Find the quotient and the remainder when $x^{3}+x^{2}-10x+8$ is divided by $x+3$.

(N/A) To find the quotient and remainder,we perform polynomial long division of $(x^{3}+x^{2}-10x+8)$ by $(x+3)$:
$1$. Divide the first term of the dividend $(x^3)$ by the first term of the divisor $(x)$ to get $x^2$.
$2$. Multiply $x^2$ by $(x+3)$ to get $x^3+3x^2$. Subtract this from the dividend: $(x^3+x^2-10x+8) - (x^3+3x^2) = -2x^2-10x+8$.
$3$. Divide the new first term $(-2x^2)$ by $x$ to get $-2x$.

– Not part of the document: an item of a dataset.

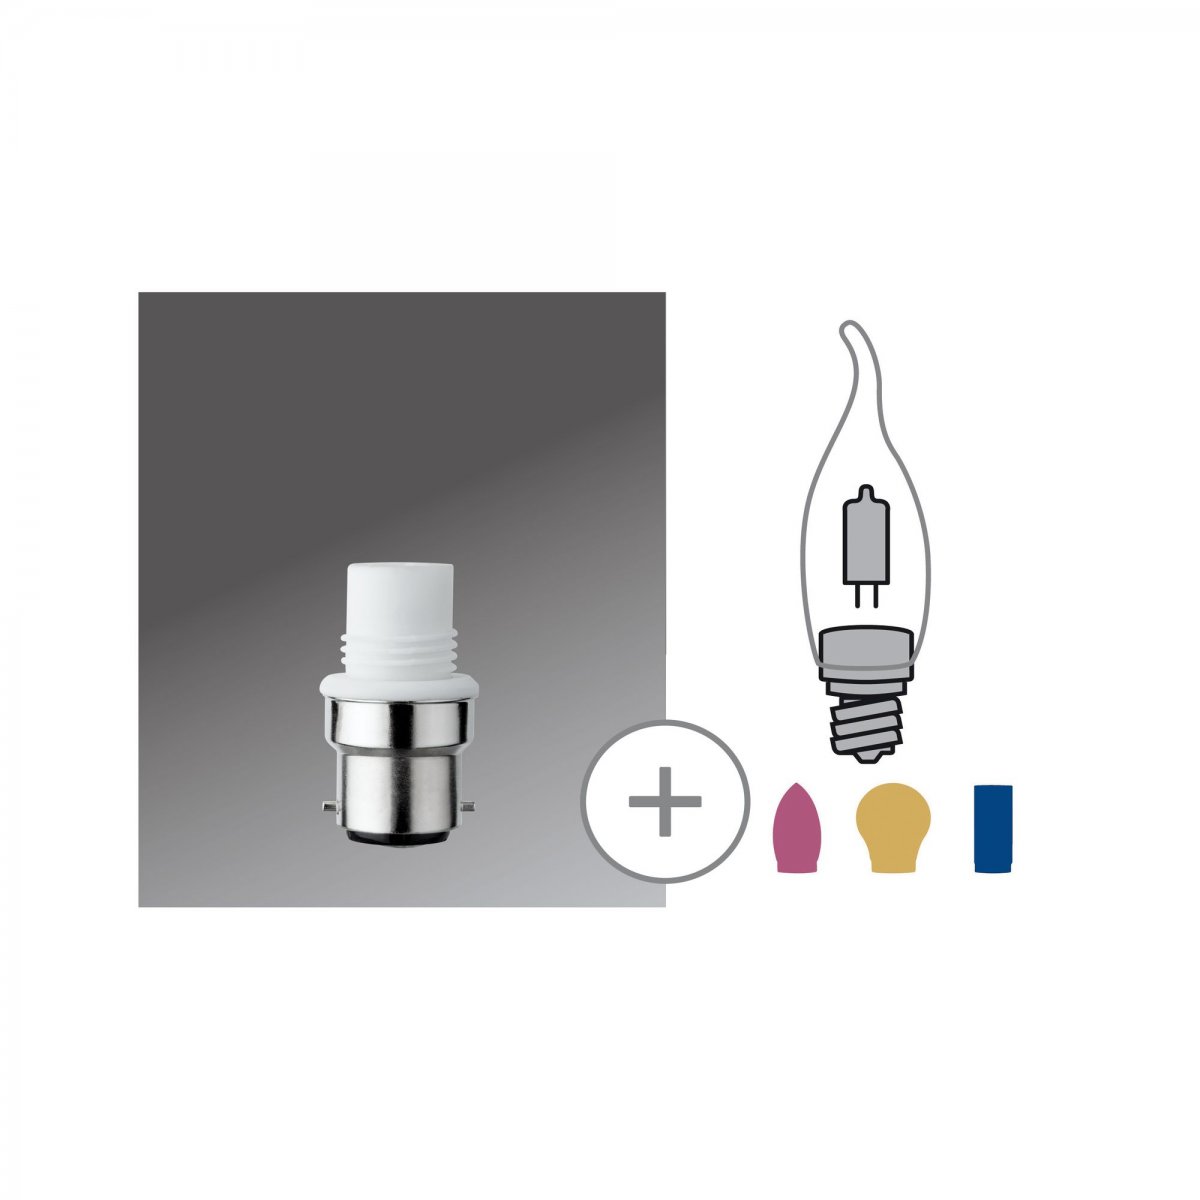 Paulmann No. 54927 Minihalogen Sockel für G9 Stiftsockel B22d 230V Weiß -->  Leuchten & Lampen online kaufen im Shop ligh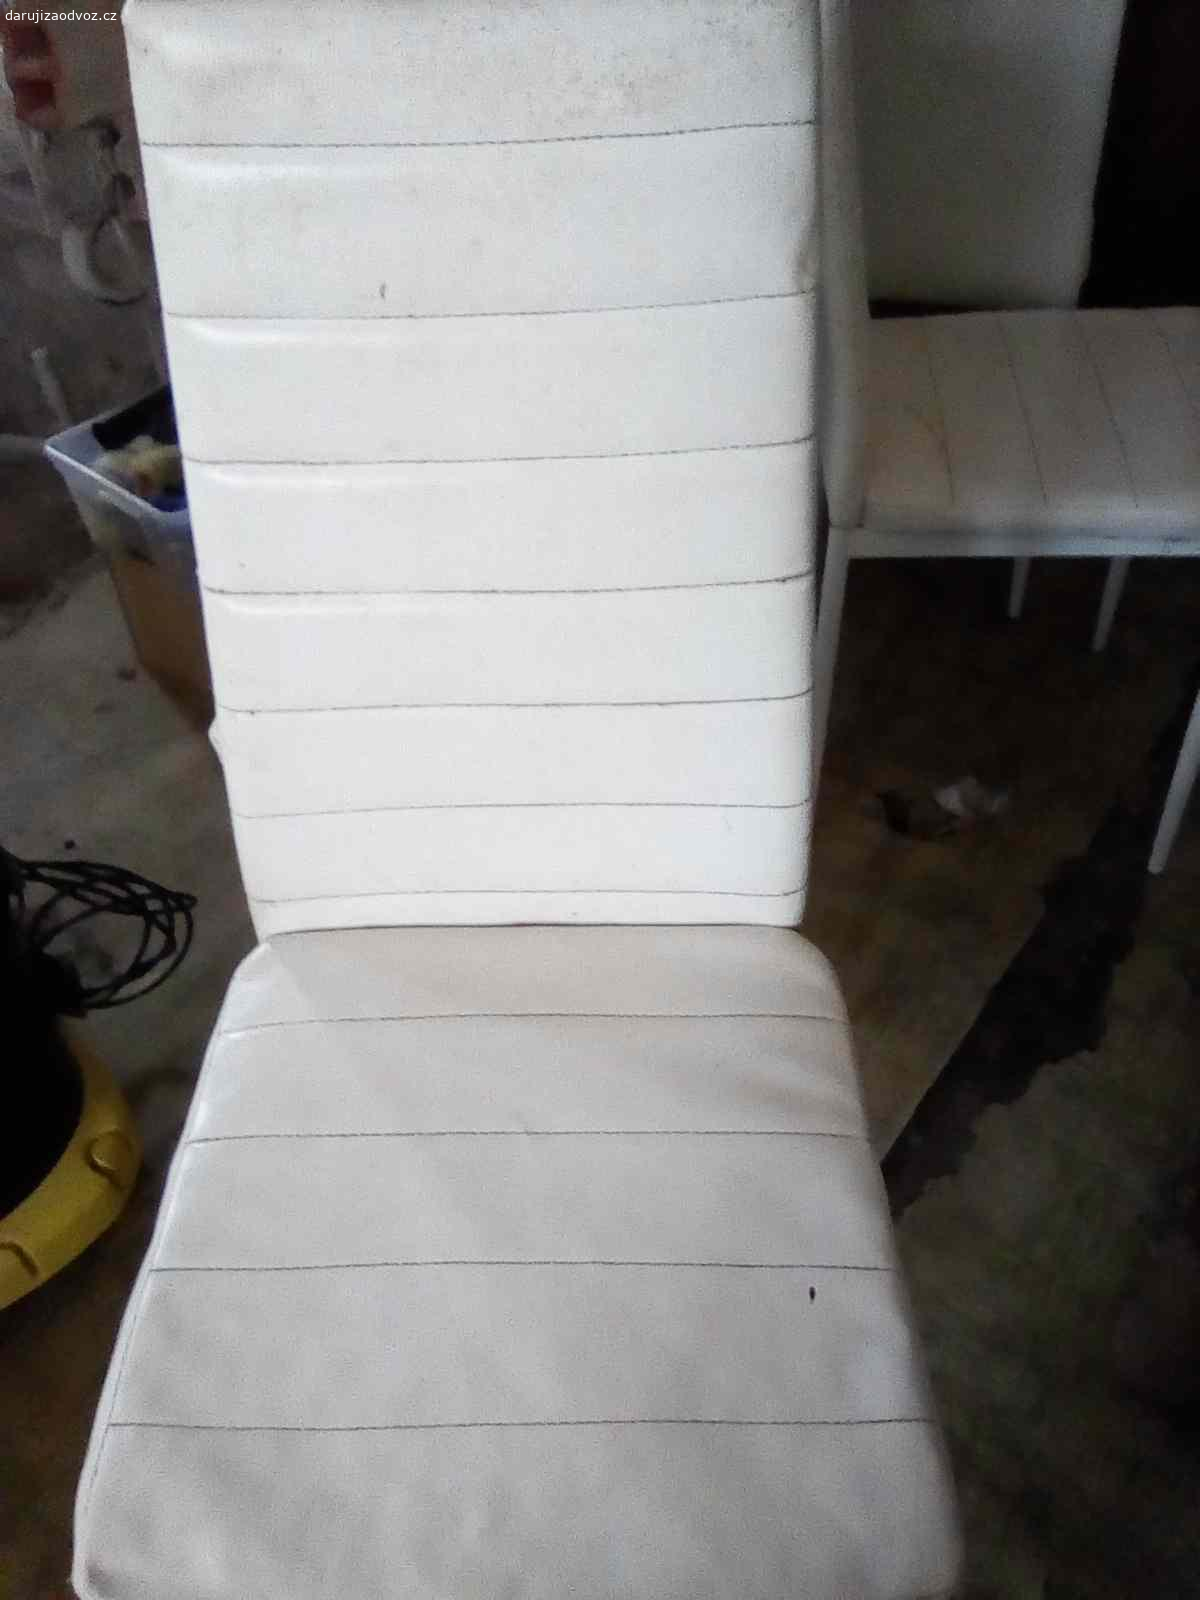 Daruji židle. Daruji pět použitých židlí. Kovová konstrukce potažená umělou kůží. Dvě zezadu mírně odřené. Potah lehce ušpiněný. Můžu zaslat i detailnější fotky.

$4$. Multiply $-2x$ by $(x+3)$ to get $-2x^2-6x$. Subtract this: $(-2x^2-10x+8) - (-2x^2-6x) = -4x+8$.
$5$. Divide the new first term $(-4x)$ by $x$ to get $-4$.
$6$. Multiply $-4$ by $(x+3)$ to get $-4x-12$. Subtract this: $(-4x+8) - (-4x-12) = 20$.
Thus,the Quotient $= x^{2}-2x-4$ and the Remainder $= 20$.